Adapted from google.com

Preparation

Step 1

ECLAIR:

Preheat the oven to 425 degree F. Cover a baking sheet with parchment paper.

In a saucepan, combine the water and butter. Place over high heat and bring to a boil, melting the butter. Add flour all at once and stir until mixture forms a ball, about 1 minute. Remove pan from heat and cool 5 minutes. Turn mixture into a food processor with the steel blade in place. With the motor going, add the eggs, one at a time, making a smooth mixture.

Put dough into a pastry bag and pipe into strips about the size of your index finger on the baking sheet. Bake for about 15 minutes or until puffed and golden. Remove to a rack to cool.

CHOCOLATE HAZELNUT FILLING:

In a large bowl, whip the cream until stiff and fold in the chocolate hazelnut spread. Chill for up to 2 days, if desired.

CHOCOLATE GLAZE:

For the glaze, in a small heavy saucepan, combine the cream and corn syrup. Heat to boiling. Reduce heat to low. Add chocolate; whisk until smooth. Remove from heat. Let cool until glaze thickens slightly but can still be poured, about 25 minutes.

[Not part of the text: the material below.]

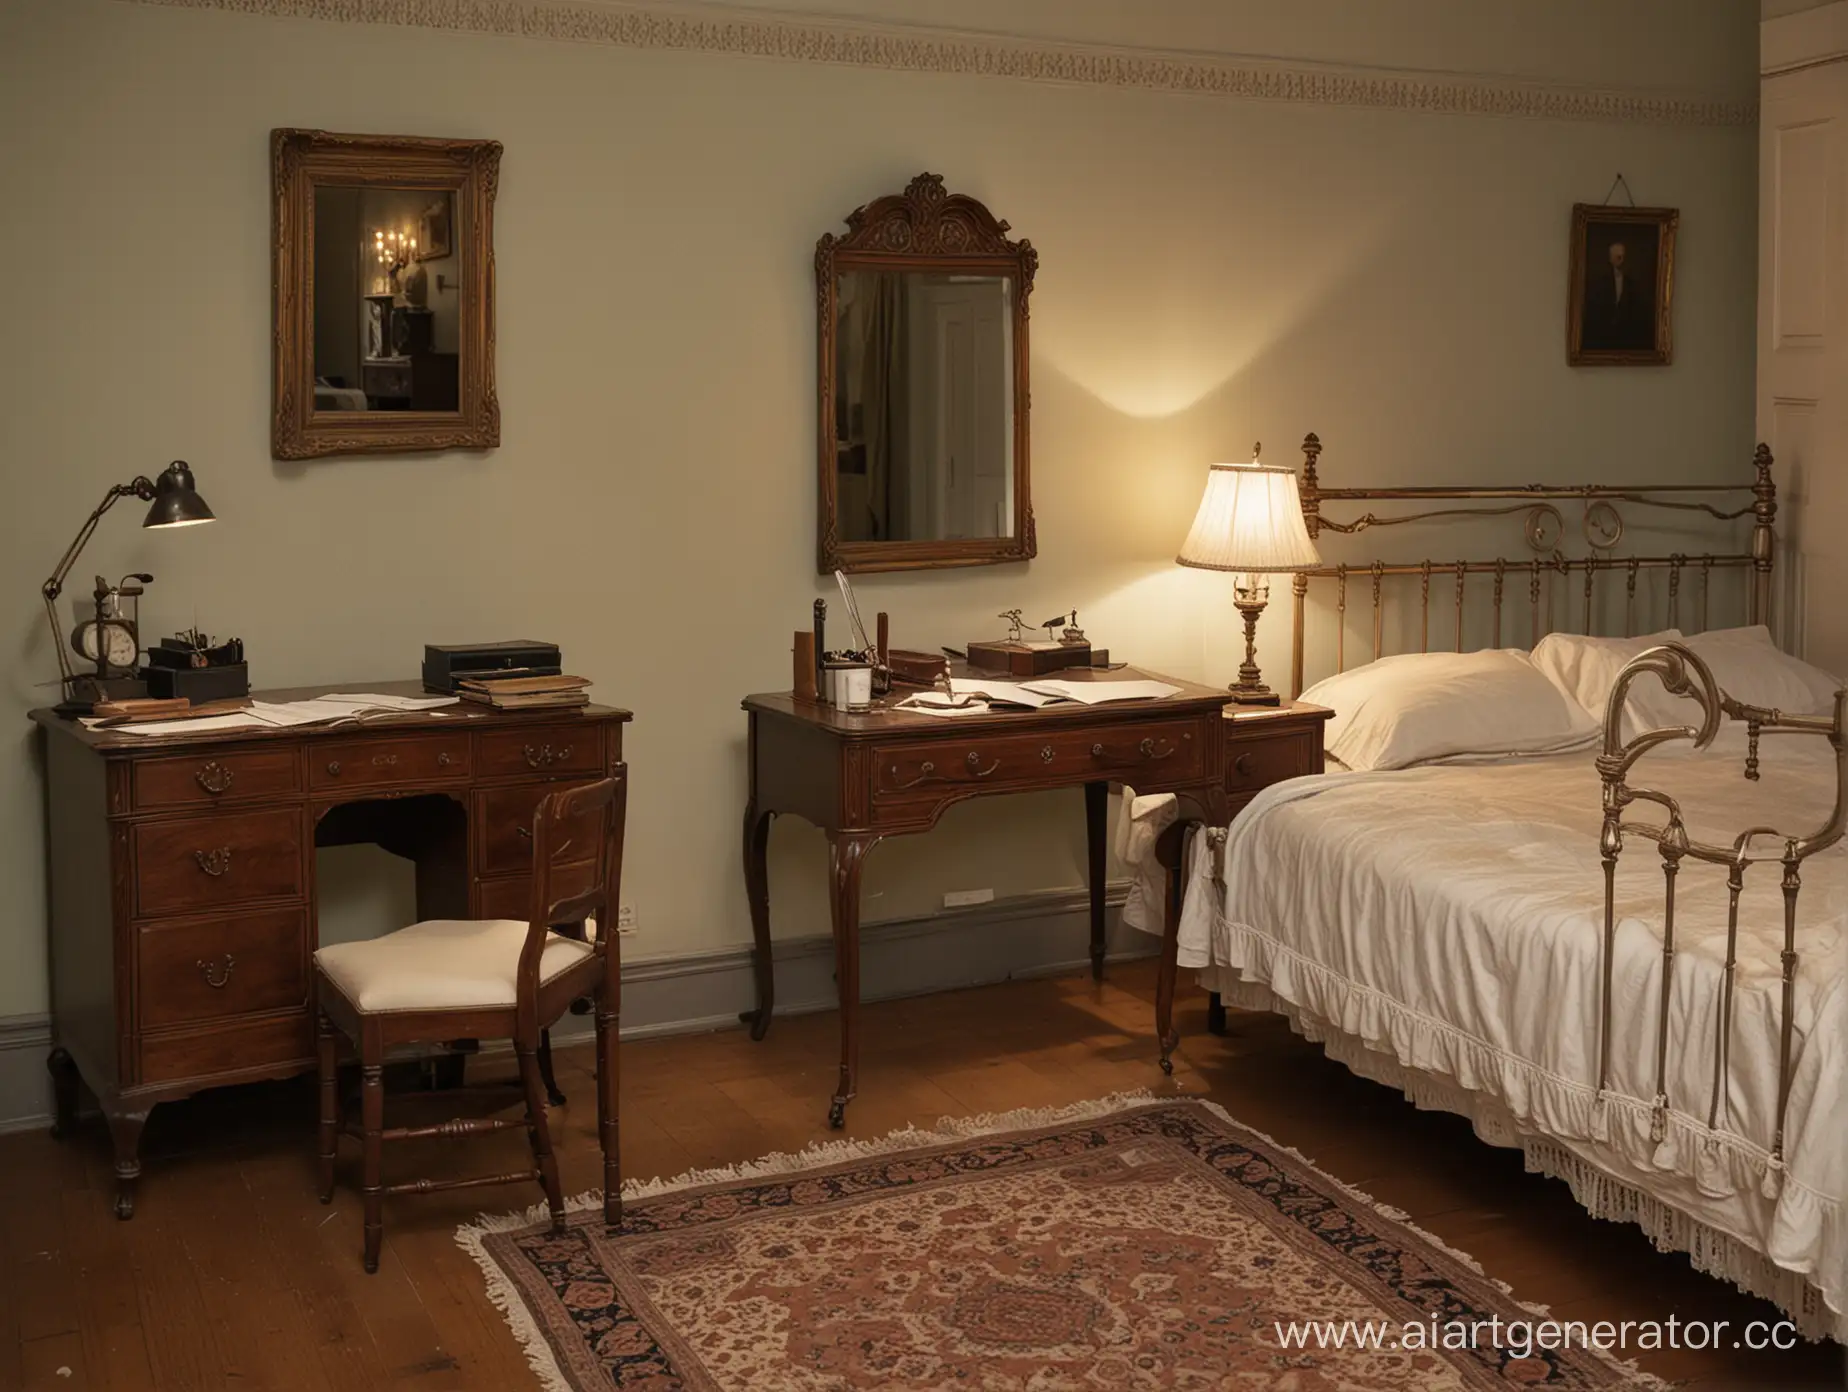 Nighttime-Scene-of-19thCentury-Bedroom-with-Writing-Desk

To assemble the eclairs, fill a pastry bag with the Chocolate Hazelnut Filling. Punch a hole in one end of each eclair and pipe the filling into the hole until you feel the pressure of cream against the sides of the pastry. Brush each eclair with the Chocolate Glaze and let dry. They may be kept at room temperature up to 2 hours or refrigerated up to 8 hours before serving.